In the end, the American Academy of Pediatrics does not support the practice of private cord blood banking (AAP Statement). In fact, they’re quite against it, stating in essence that the private cord blood banks are taking advantage of families at an emotionally vulnerable time. The AAP further notes that some physicians may profit from advising patients to use private cord blood banks (the bank may pay them to encourage it). Finally, private banking is simply expensive. Typically, the collection fee for a private bank is on the order of $2000, and it costs about $150 a year to maintain the blood. Because the practice isn’t regulated, there’s no telling whether privately-banked blood is actually collected or stored in such a way as to make it usable IF (and that’s a big if) your family ever needs it.

 

Science Bottom Line:* There’s really no justification for banking your child’s cord blood for private use under most circumstances. The exception to this is if you either: a) have a child with one of the diseases for which HSC transplant is a treatment (and the second child is a good HLA match), or; b) have a family history of or genetic predisposition to one of those diseases. Again, remember that the odds of any given child being able to use his/her own cord blood are infinitesimally small, but child 2’s blood might be able to help child 1, or vice versa. There are free programs to allow banking of a child’s cord blood in the case of a diagnosed sibling with a cord blood-treatable condition, such as The Sibling Connection through the Children’s Hospital Oakland Research Institute.

 

What do you think about cord blood banking?

 

References:

American Academy of Pediatrics Section on Hematology/Oncology. Cord blood banking for potential future transplantation. Pediatrics. 2007 Jan;119(1):165-70.

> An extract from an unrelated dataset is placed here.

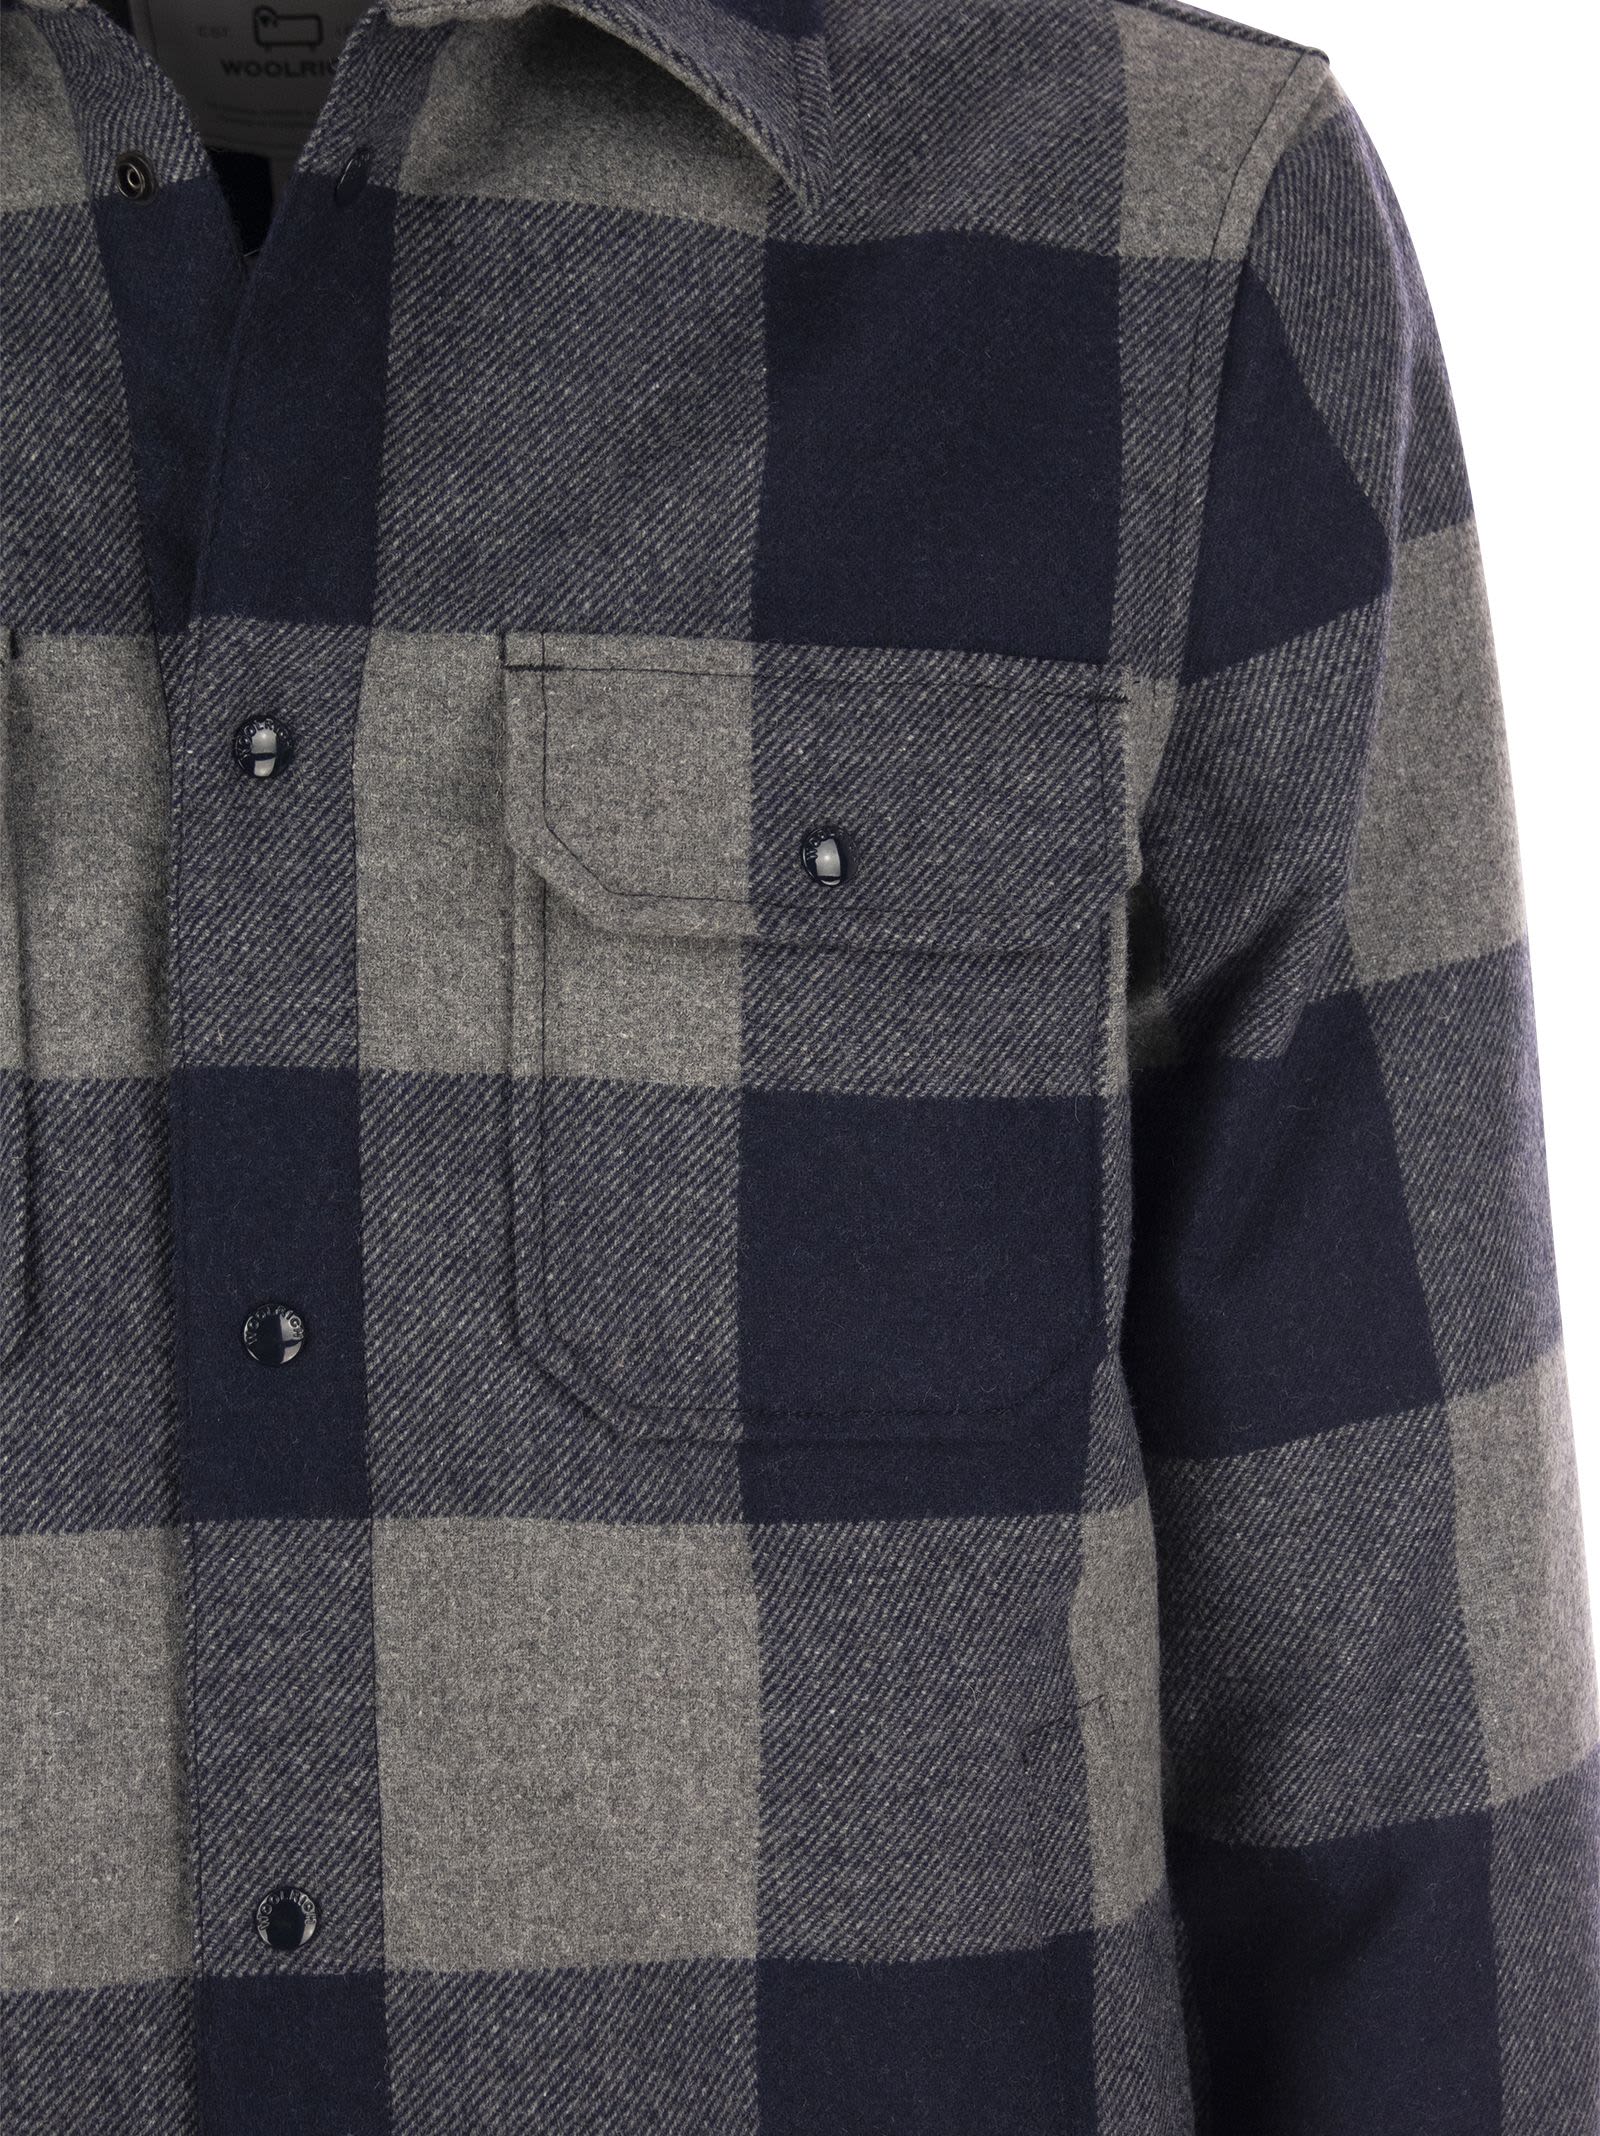 Shop Woolrich Alaskan Check Shirt Jacket In Blue/grey
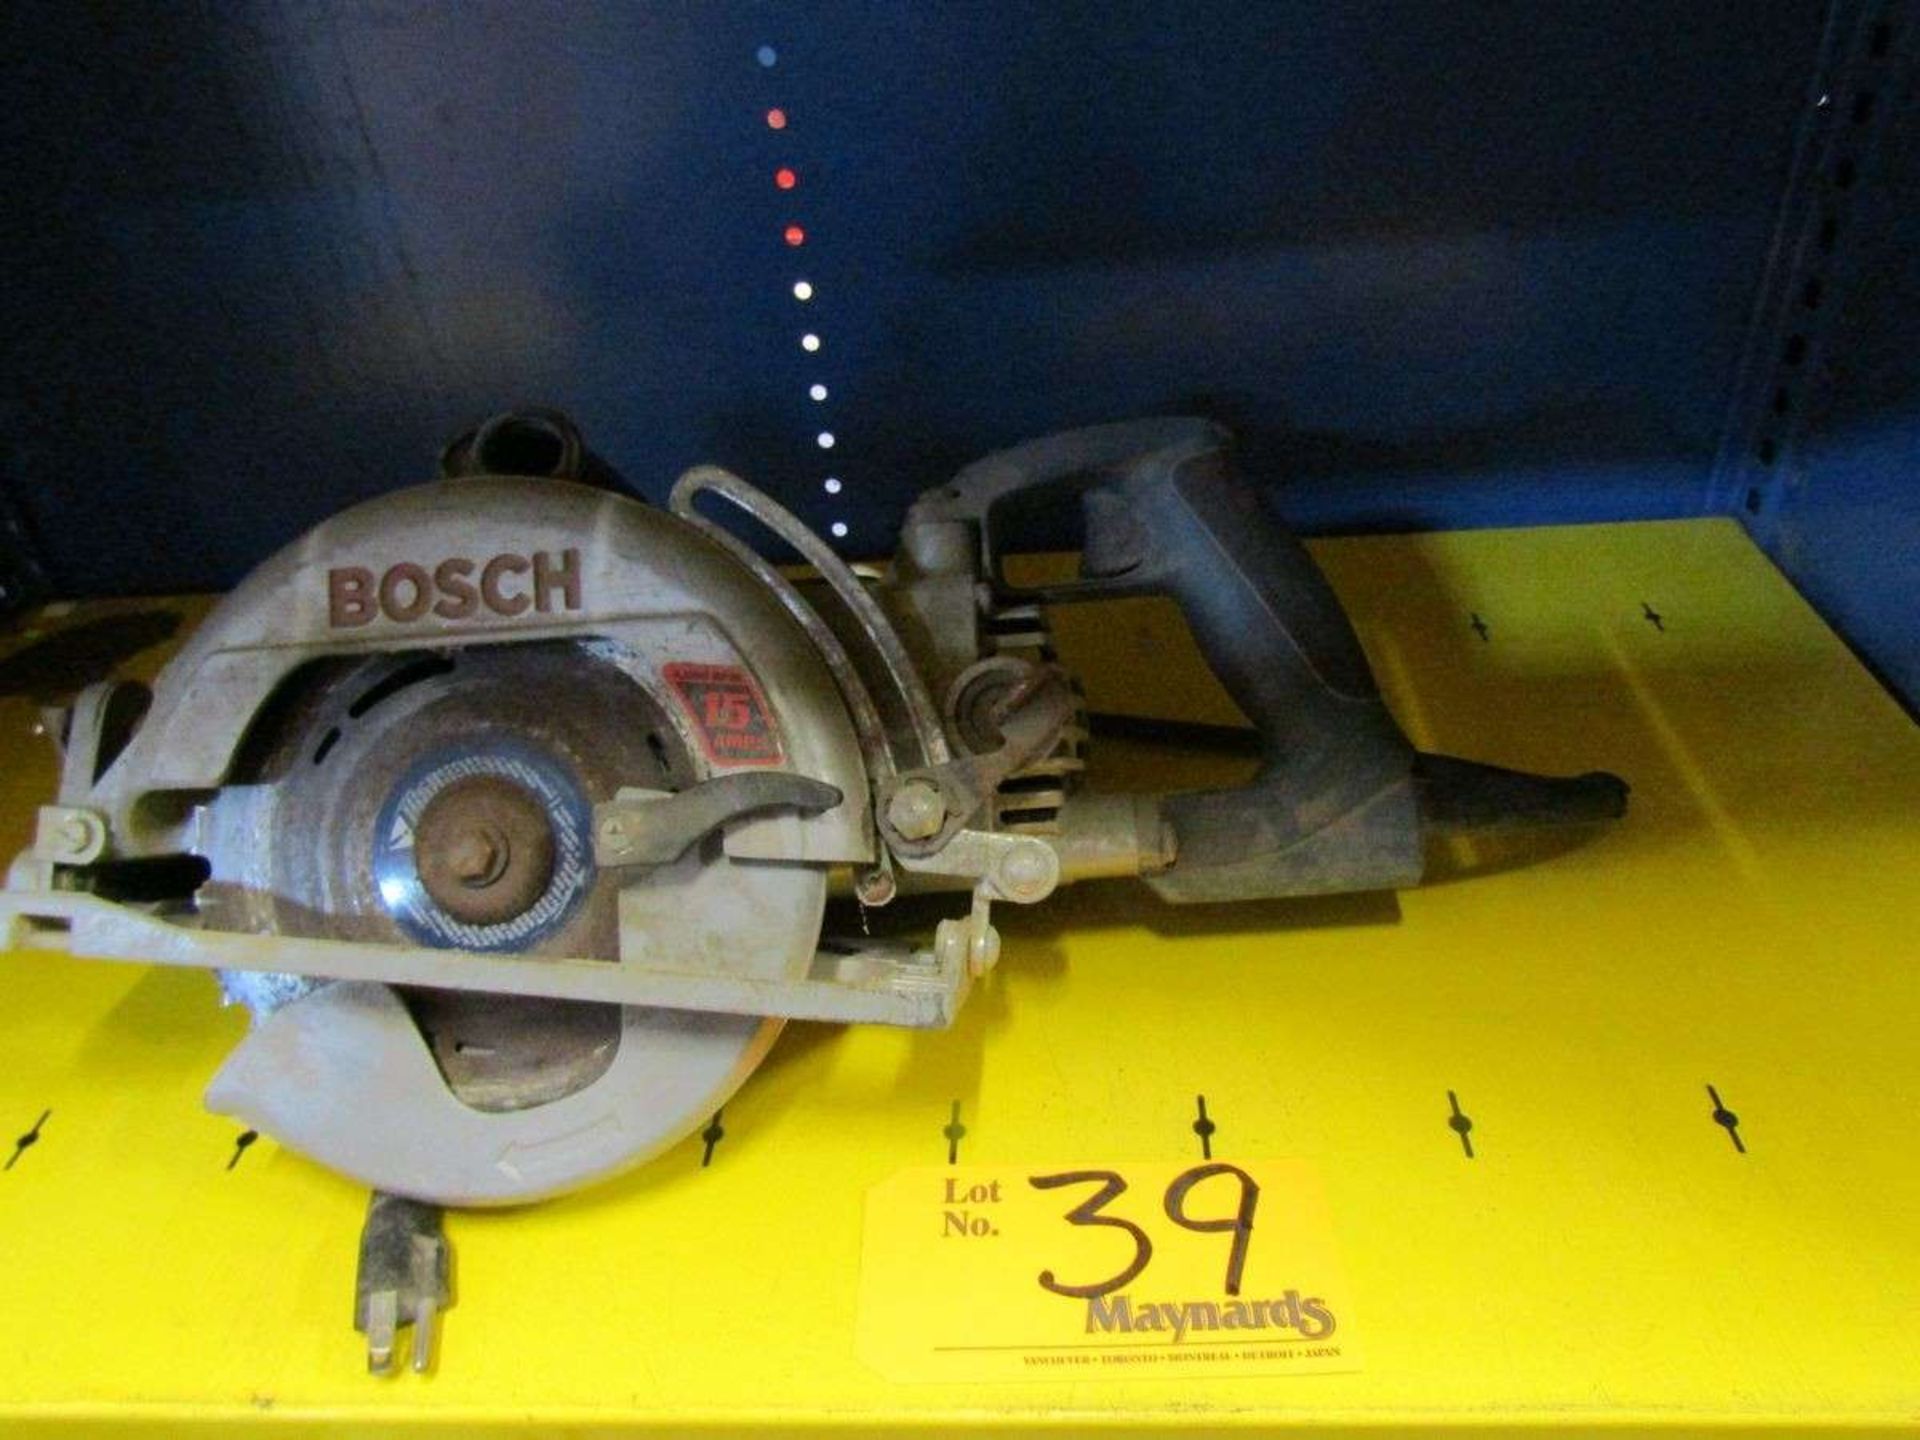 Bosch 1677M 7-1/4" Electric Worm Drive Circular Saw

Fox et al. Umbilical cord blood collection: do patients really understand? J Perinat Med. 2007;35(4):314-21.

Johnson, F. Placental blood transplantation and autologous banking–caveat emptor. J Pediatr Hematol Oncol. 1997 May-Jun;19(3):183-6.

Karanes et al. Unrelated donor stem cell transplantation: the role of the National Marrow Donor Program. Oncology (Williston Park). 2003 Aug;17(8):1036-8, 1043-4, 1164-7.

NIH Stem Cells and Diseases. Accessed 22 Nov 2011.